День казни - [9]

Шрифт
Интервал

- Слушай, Темир, на тебя трезвого смотреть жалко, плакать хочется, Хазрат Аббасом клянусь! - не отставал от татарина Махмуд, то ли от страха, то ли от скуки. - Человек должен держать себя в равновесии, понимаешь? А ты днем один человек, вечером - совсем другой. Днем поглядишь на тебя - святой, да и только!

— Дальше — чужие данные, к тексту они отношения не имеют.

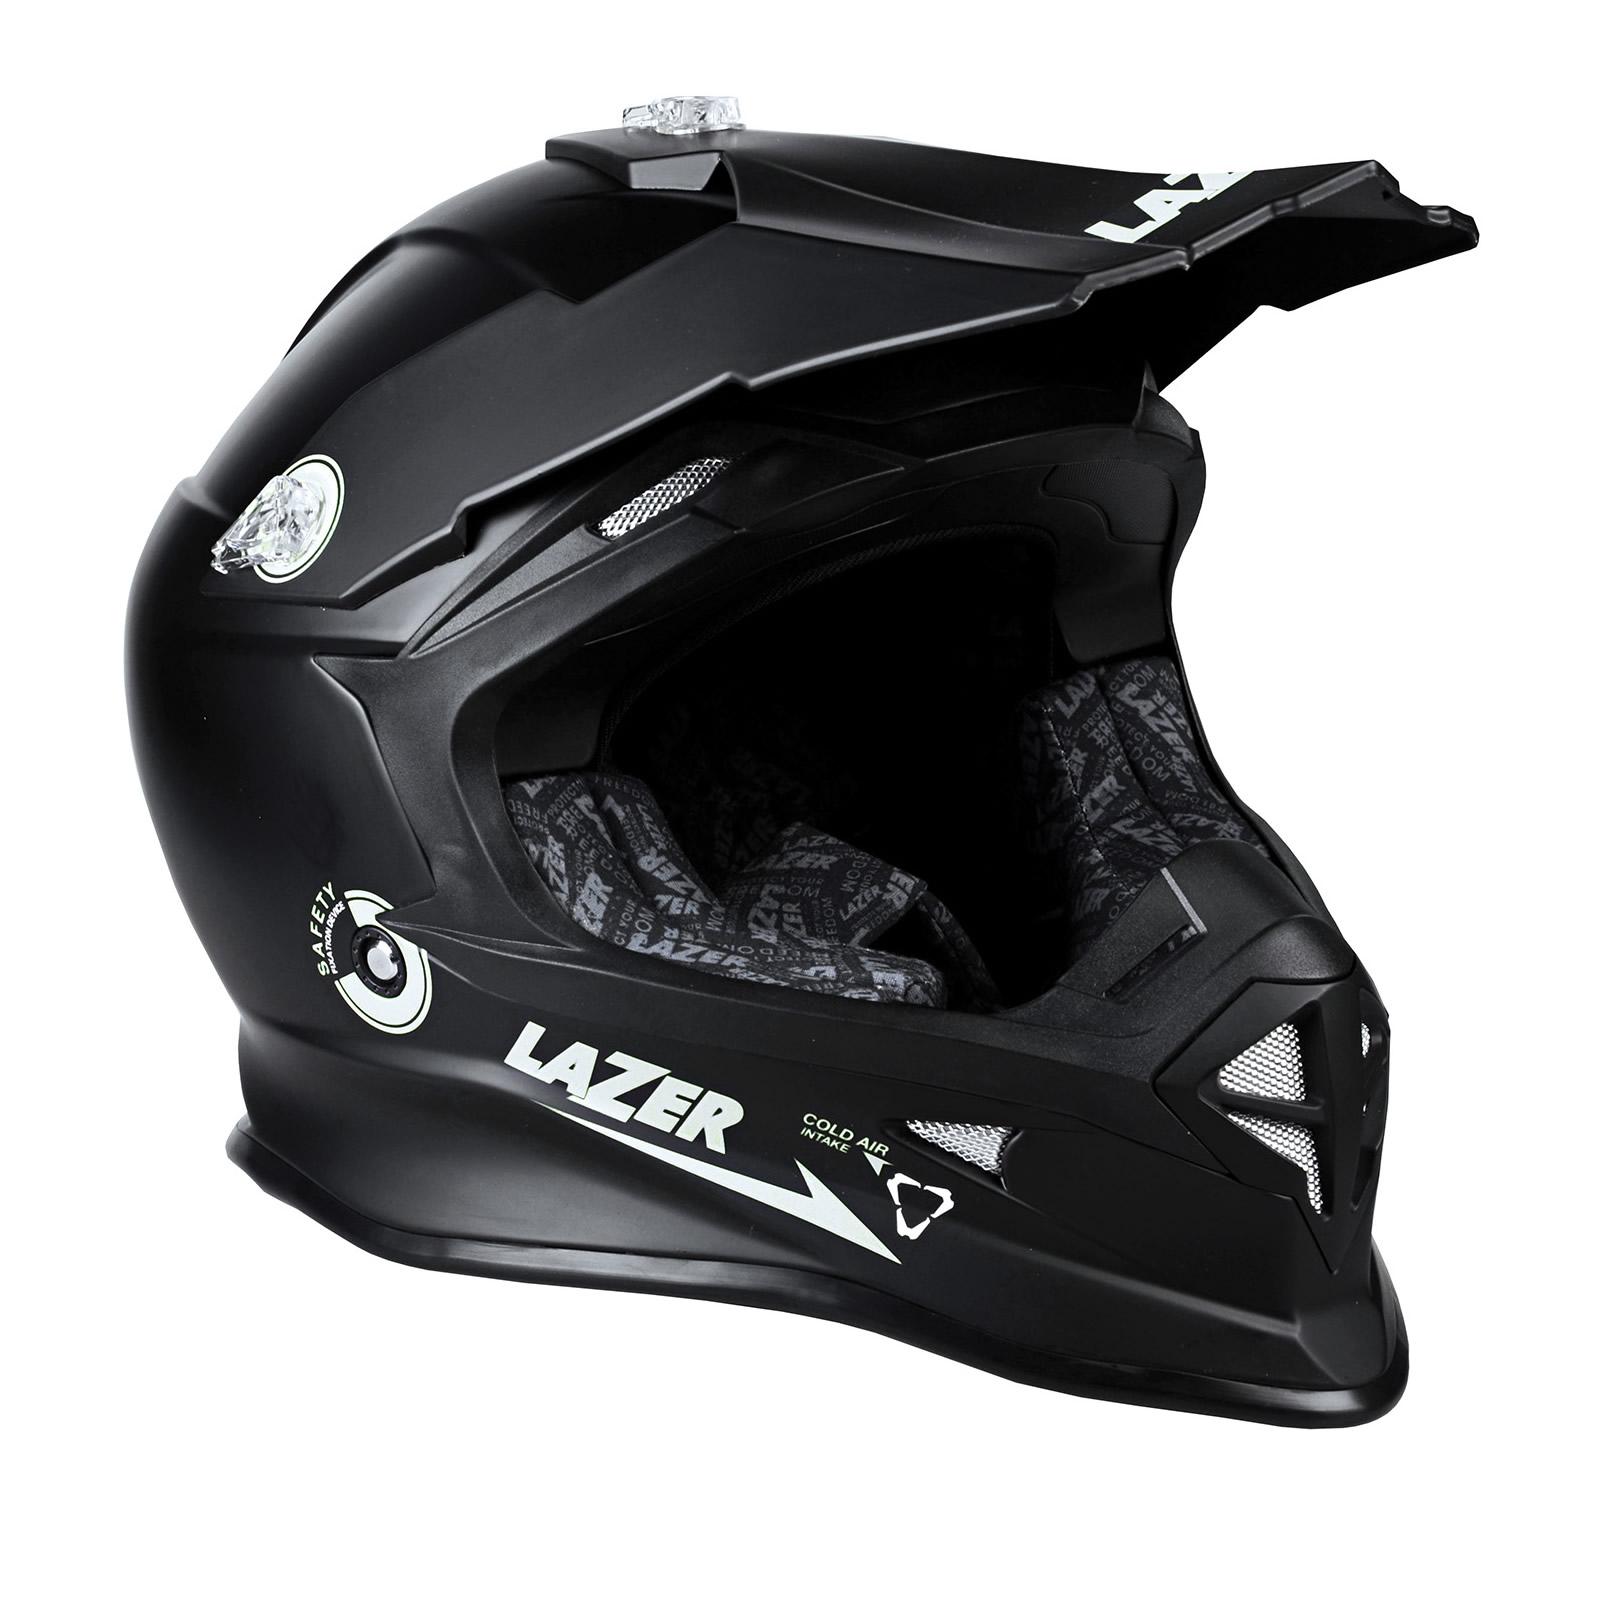 http://images.esellerpro.com/2189/I/284/236/13054-Lazer-X8-Xline-Pure-Motocross-Helmet-Black-Matt-White-1600-1.jpg

- И я не святой, и ты не святой, оба мы с тобой одной бязи лоскуты. Темир затянулся, раза два кашлянул. - Эй, Махмуд! - почему-то громче обычного сказал он. - Вот ты говоришь - война, воюют, стреляют, друг дружку истребляют? А я говорю - поделом, к дьяволу! Мне что, больше всех дела до вселенского горя, а? Я так понимаю, дорогой, что рано или поздно и Темира в могилу сволокут, и все друг дружку прикончат, и на этом точку поставят. И сказать тебе, почему? Потому, что человек должен быть человеком. А мы, мы все, и большие, и малые, мы человечность свою утратили. Я хочу вот что сказать - мы все превратились в гульябаны*!

______________ * Гульябаны - мифический дикий человек, обитающий в горных лесах, здесь чудовище.

Мошу проснулся, открыл глаза и захихикал.

- Смеешься, Мошу? Думаешь, если меня зовут татарин Темир, так у меня на плечах головы нету?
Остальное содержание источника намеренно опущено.